« Review: iAudio M5 (day 1) | Main | Review: iAudio M5 (day 4) »
Useful Utility: wget
By Jesse Morgan | February 21, 2006
Wget is useful for a lot of things- downloading images from a directory listing, mirroring a website, recursively fetching one subdirectory of a website, etc. The main focus as you can tell is downloading from the web(http, https, ftp) in a non-interactive manner.
There are a lot of flags to change the behavior, and you can get all sorts of wild behavior by mixing and matching those flags. The most straightforward use is this:
wget http://example.com/software_pkg.tar.gz
This is the best tool for grabbing packages off a website to install on a headless machine. I can’t count the number of times I’ve needed to install something on my server manually and used wget to do it.
Useful Flags
| Flag | Use |
|---|---|
| -nc | no clobber. useful for re-downloading sites, but not files you already have. |
| -N | similar to -nc, except it overwrites if the file on the server is newer than the local version. useful for keeping mirrors up to date. |
| -r | work recursively through a site and grab all the files |
| –spider | doesn’t download the files, just checks to see if they’re there. |
| -l x | designates to recursively download to a “depth” of x |
| -m | mirrors a site. turns on timestamping, infinite recursion and keeps ftp indexes. |
| -X list | exclude a list of directories from download. useful for preventing yourself from mirrors 30 gigs of video files |
| -np | no parent. prevents you from accidentally going up into the parent directory when downloading recursively. |
That’s a good start. There are a lot more options, but those listed above (and combinations of them) are probably enough to get you moving. Use this tool. Play with it. Mirror a site, play with the -N and -nc flags. Please feel free to include your own wget recipes below in the comments.
K_F, dev_null, I’m looking at you.
Topics: Linux, Open Source, Reviews, Utility |
February 21st, 2006 at 9:42 am
Recipe 1: All your comic needs
wget -erobots=off –no-parent –mirror -p http://darkgate.net/comic/images/
-erobots=off tell wget to ignore the robots extension rules (robots.txt) , we’re being a bad boy. –mirror , or -m is detailed above. -p
-p
–page-requisites
This option causes Wget to download all the files that are neces-
sary to properly display a given HTML page. This includes such
things as inlined images, sounds, and referenced stylesheets.

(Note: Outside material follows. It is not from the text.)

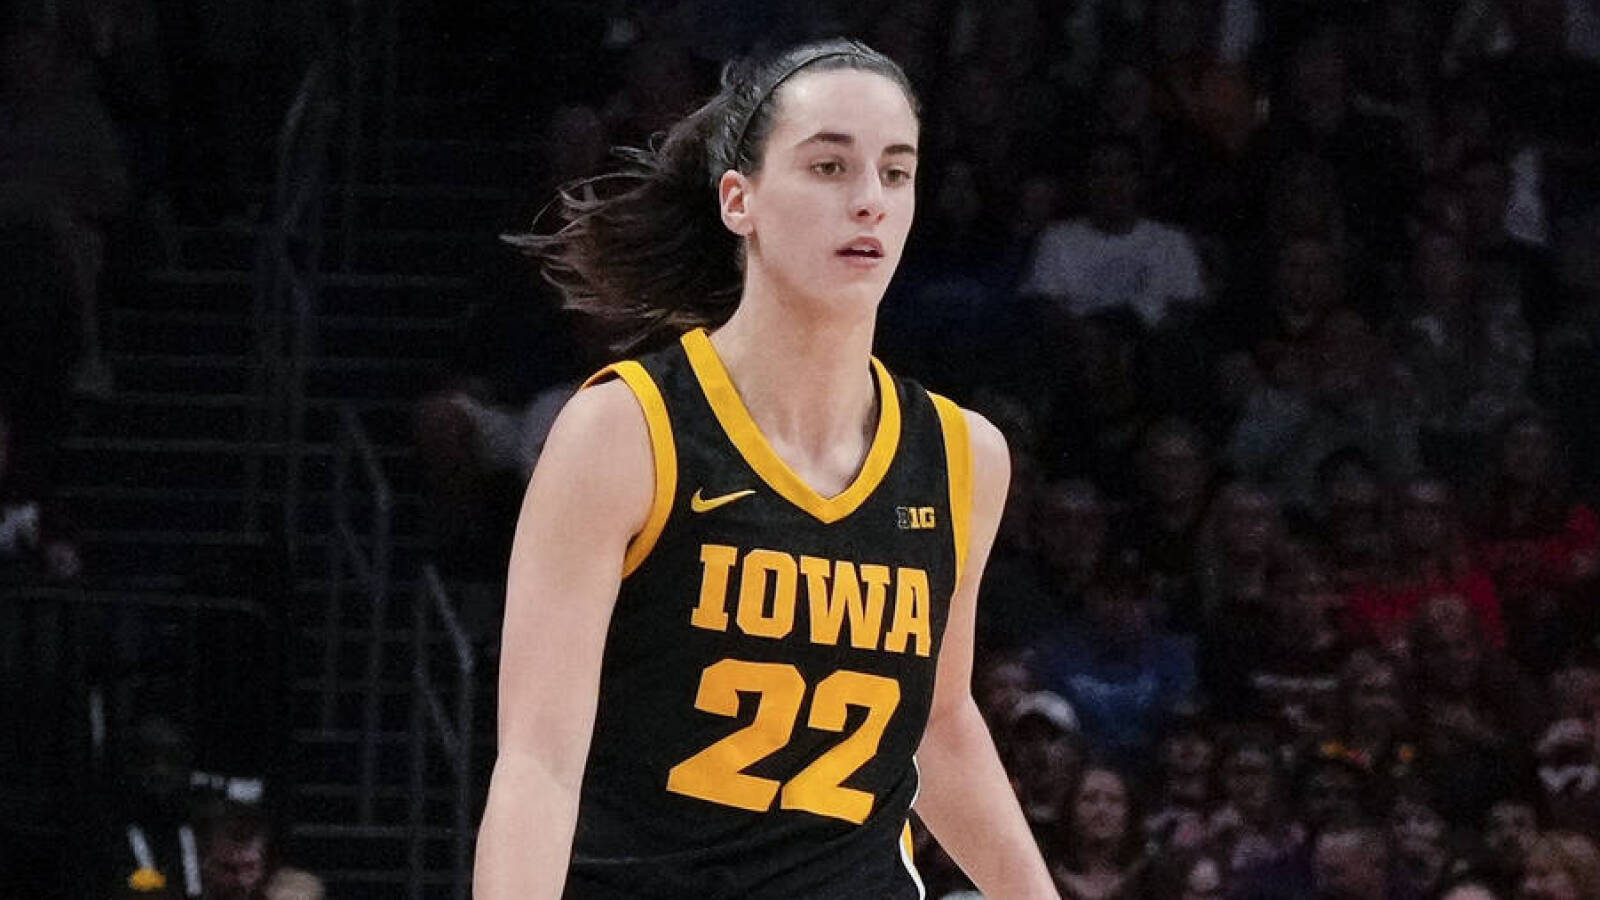 Iowa secures win with Caitlin Clark's dominant performance - Verve times

February 21st, 2006 at 10:48 am
I have a mirror script that I use to nab a site.
wget -mxkN
-m = mirror
-k = convert links to local browsing
-N = only download newer files that local
-x = create local directory tree
I am not sure that it is perfect but it seems to do the job correctly.
February 21st, 2006 at 2:50 pm
wget is for hippies, use curl. Very handy when you can add a wildcard to the url to match anything specific within a folder or whatever.